“A rain on wheat that's ready to harvest can lower the test weight, which will cause the wheat to weigh less per bushel and lower the yield,” he said. “As thin as this wheat in our fields is, it should only have a minor effect on the overall yield, but the test weight and the quality will be less.”
Adapting with time
Through the years, the Gammill family has raised crops and cattle. In 1995, David Gammill got into the insurance business. In 2006, he bought into an agency at Grandfield. His son helps him run that. They are examples of families who use off-farm incomes to help them remain on the farm. That's where they want to stay.
“The older I get, the more I appreciate my childhood,” Josh Gammill said. “Even the days that I didn't like working and wanted to go do something else, I'm glad I was here, doing this.”

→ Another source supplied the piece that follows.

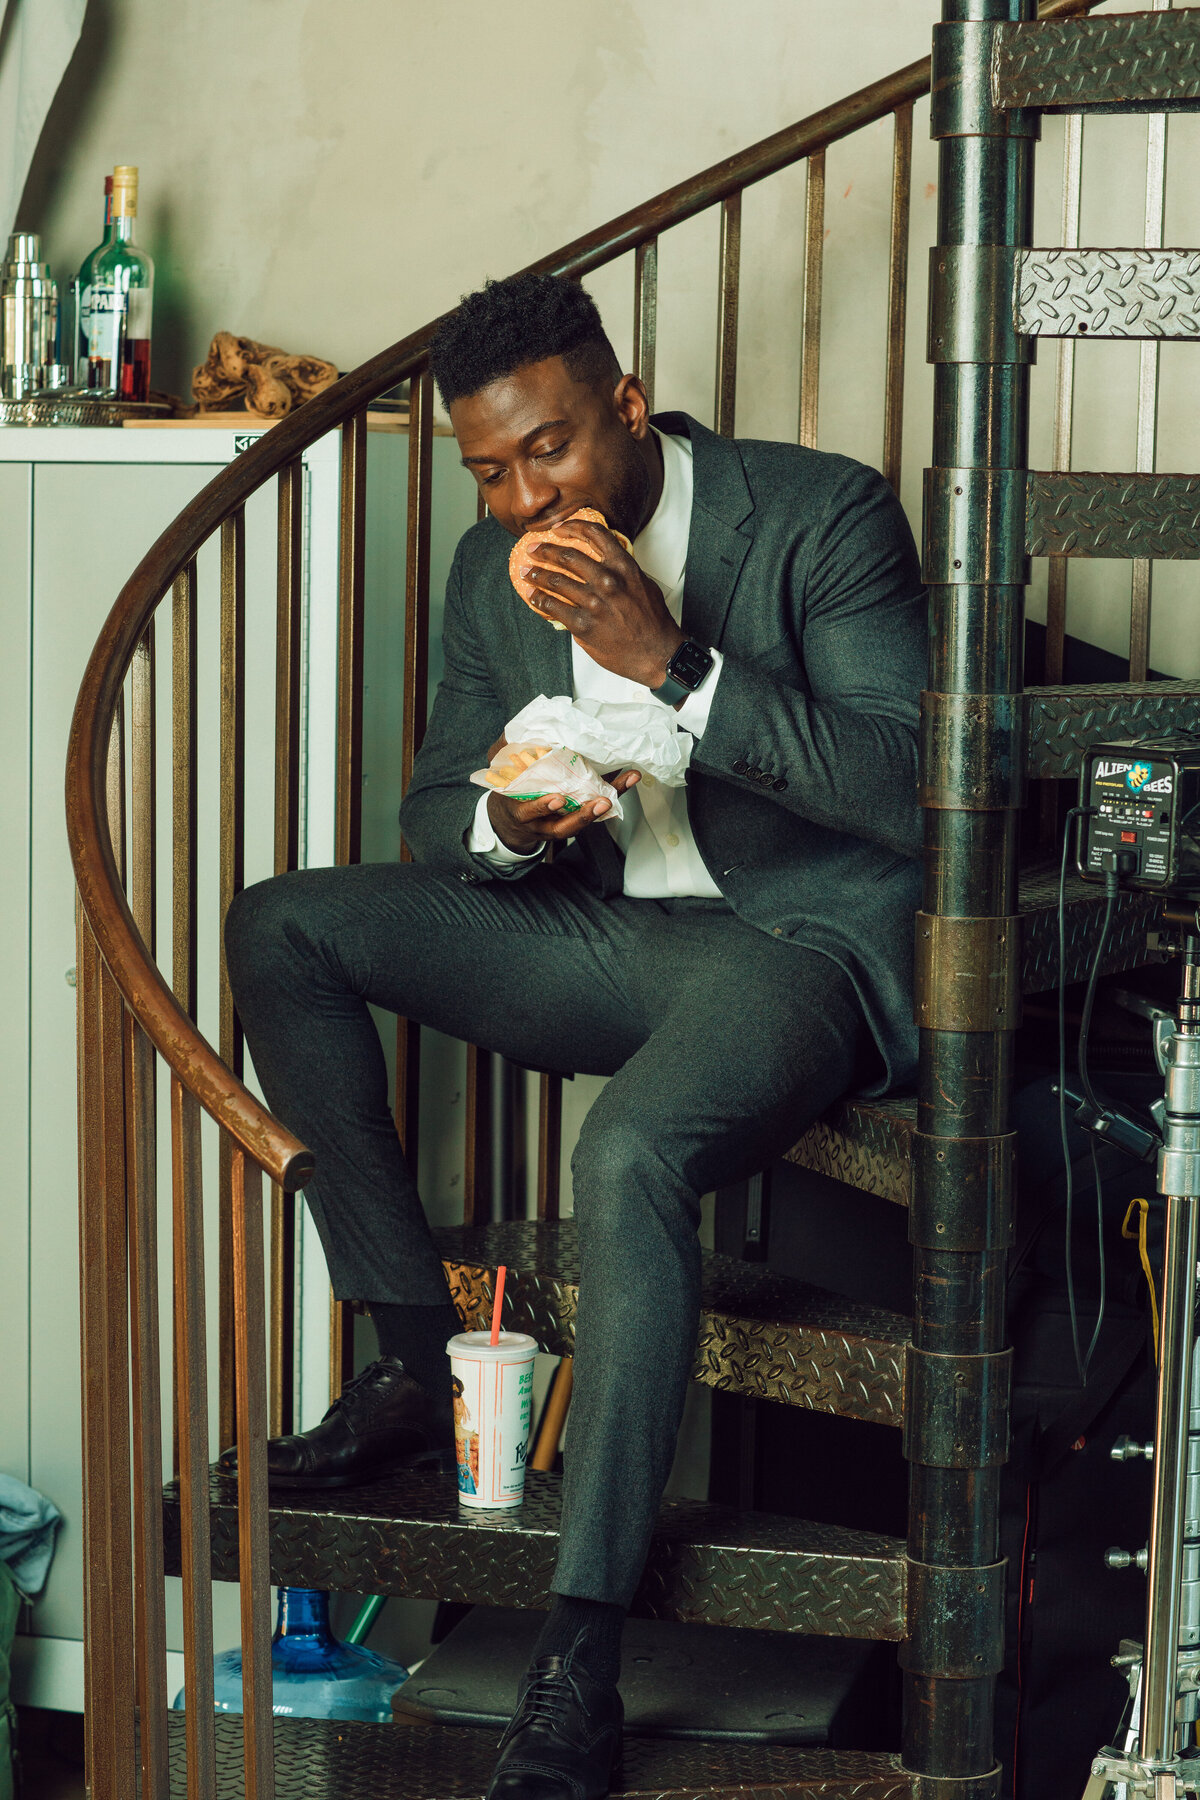 Portrait Photo Of Young Black Man In Suit Eating Hamburger Los Angeles

What are the estimates for this year's Oklahoma wheat crop?
“Well, that depends on who you talk to, ranging from 100 million-bushel crop down to some are estimating below 70 million bushels,” Hodges said. “My estimate is not as low as 70 million, but I'm on the lower side of that range.”
Hodges, 59, said the five-year average in Oklahoma is 118 million bushels of wheat.
“But within that 118 million there's years with 70-plus million, there's last year with 154 to 155 million, so there's a very wide range in there,” he said. “If you think back 10 or 15 years, the long-term average was 160 million bushels in the state. But now there are less planted acres. This year, there's going to be a lot less harvested acres.”
In a back office of Co-op Services Inc. grain elevator in Lawton sits General Manager Charlie Swanson. He talks about how the freeze hurt a crop already battered by drought. Then some of his producers received hail damage.
“I think we'll be lucky to take in a third of what we did last year,” said Swanson, 63. “We'll probably be close to 50 percent of an average crop, but we're thrilled to get that much after what we've been through.”
The drought's effects don't necessarily end when rains come. And a lesser crop will have ripple economic effects, Swanson said.
“It even affects our business down the road because people won't buy as much fertilizer,” he said. “They won't have the money to buy it like they do when they make a good crop.”
Josh Gammill's presence at the wheel of the combine is an economic decision. Because they anticipated a small crop, the Gammills didn't think they could justify paying for custom harvesters. That, in turn, can affect communities where expenses by crews can include diesel, food, rooms and other necessities for life on the road.
As the combine behind him makes another round in the wheat field, David Gammill says:
“We're optimistic I guess. You just hope you get one of those good years often enough so you can still pay the bills.”